The National Science Foundation’s Harnessing the Data Revolution (HDR) ecosystem launched its second Machine Learning (ML) Challenge, a community competition aimed at “scientific modeling out of distribution,”or teaching AI systems to hold up when conditions change across places, seasons or instruments.
The 2025–26 challenge debuted during this week’s HDR Community Conference hosted by the Imageomics Institute and held in Columbus, Ohio. The event invites students, researchers and practitioners to stress-test ideas on open, well-documented science data.
New this year, the program runs on the National Research Platform (NRP), giving teams scalable, heterogeneous compute (GPUs/CPUs) and a higher submissions cap (up to 10 per day).
Central to the cause and concept of the challenge, every entry must be fully FAIR and reproducible through submission and evaluation: participants submit FAIR and Reproducible workflows run through a shared container and checked by automated scripts and a security/whitelist process. This ensures results can be rerun and trusted across labs.

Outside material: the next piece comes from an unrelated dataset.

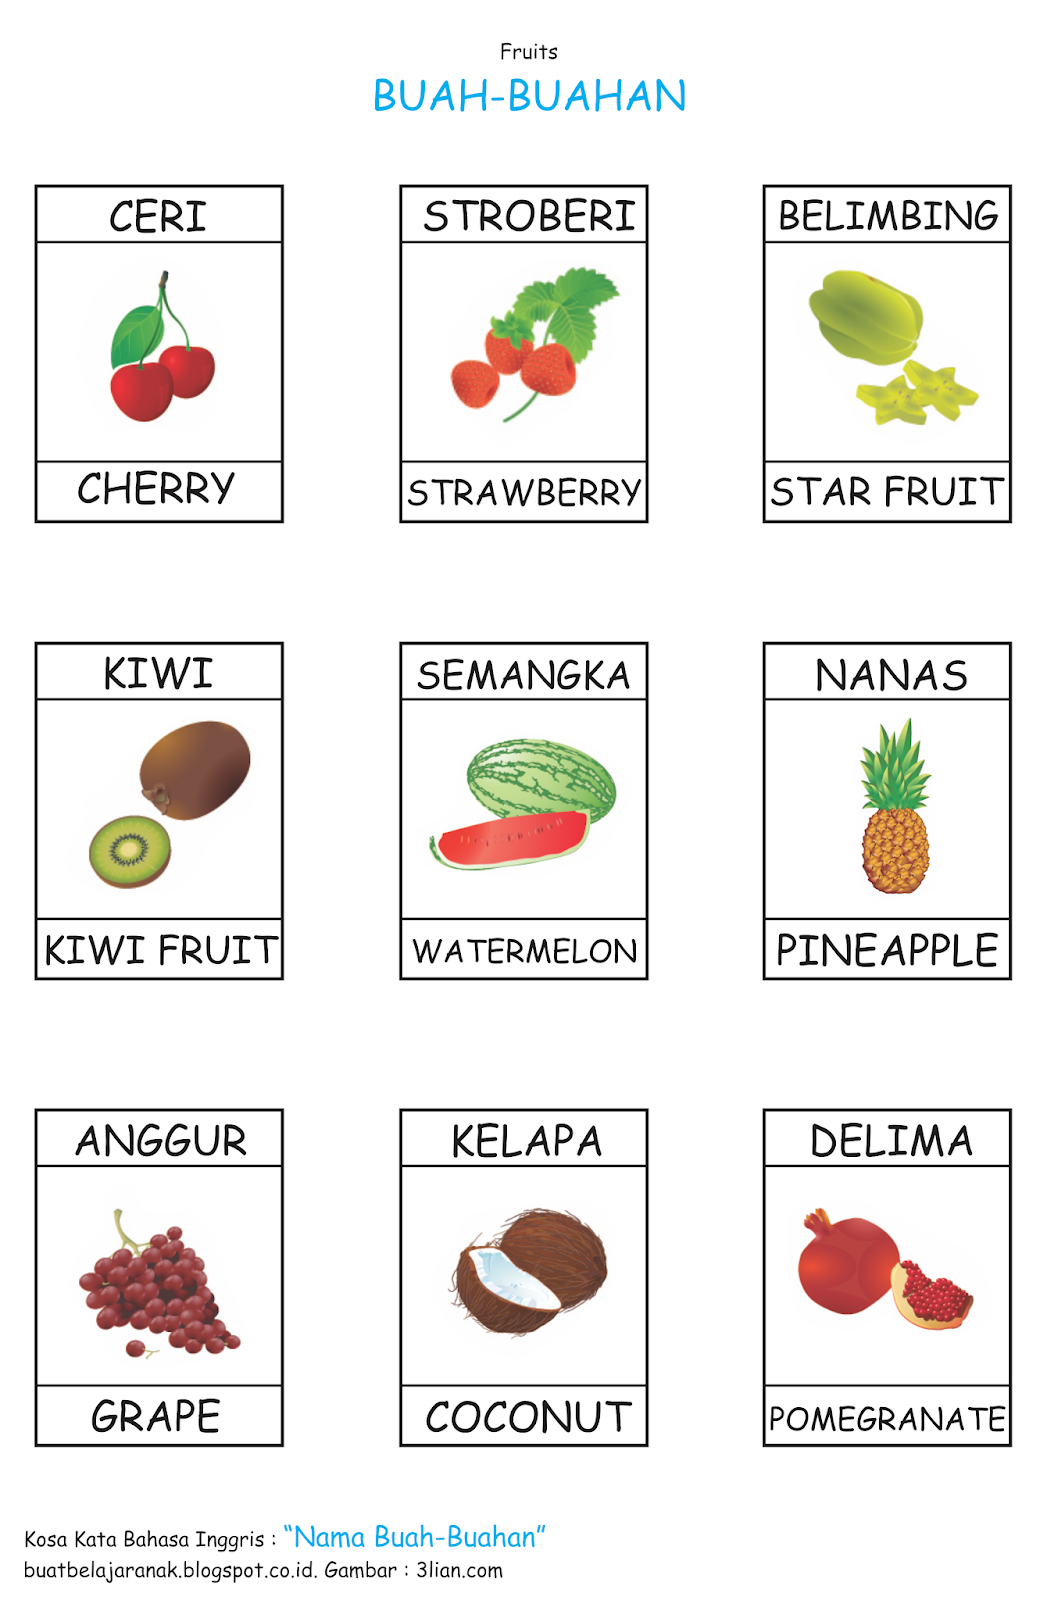 Kosa Kata Nama Buah  buahan Dalam Bahasa inggris Buat 
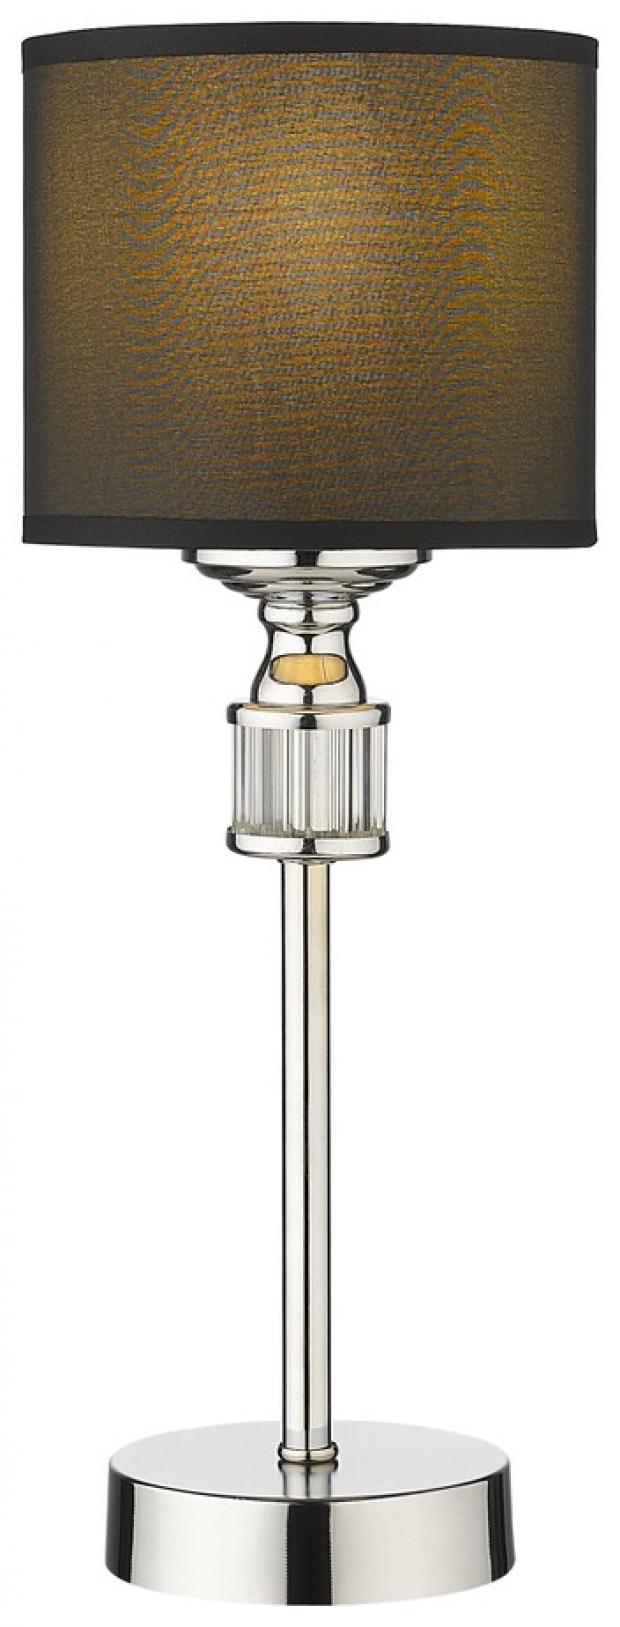 Настольная лампа Velante 293-124-01 293-124-01

The challenge is open now through Jan. 31, 2026, with an awards event planned for spring 2026; organizers also plan October hackathons to help teams form and get hands-on. Confirmed prizes include AWS and NVIDIA cloud credits for prizes and $400 in training credits for teams, and the program is seeking additional sponsors.

Year Two features three tracks from across HDR institutes. A3D3’s neural forecasting asks models to predict future neural activity, which is key to real-time neuroscience and closed-loop systems. Imageomics pairs biodiversity and climate by using NEON ground-beetle images as “sentinel taxa” to predict drought severity via the Standardized Precipitation Evapotranspiration Index (SPEI), linking trait signals in images with environmental change. iHARP targets coastal risk: given 70 years of sea-level data from 10 U.S. East Coast stations, teams forecast the number and timing of minor flooding days over a 14-day window, with multi-level scoring on dates, counts, and threshold proximity for 2 hidden stations.
Why it matters: Scientific AI often breaks when data drifts; HDR’s challenge raises the bar on open, reproducible, AI-ready science; and, for AI for Nature, it accelerates trustworthy models for ecology, climate and conservation.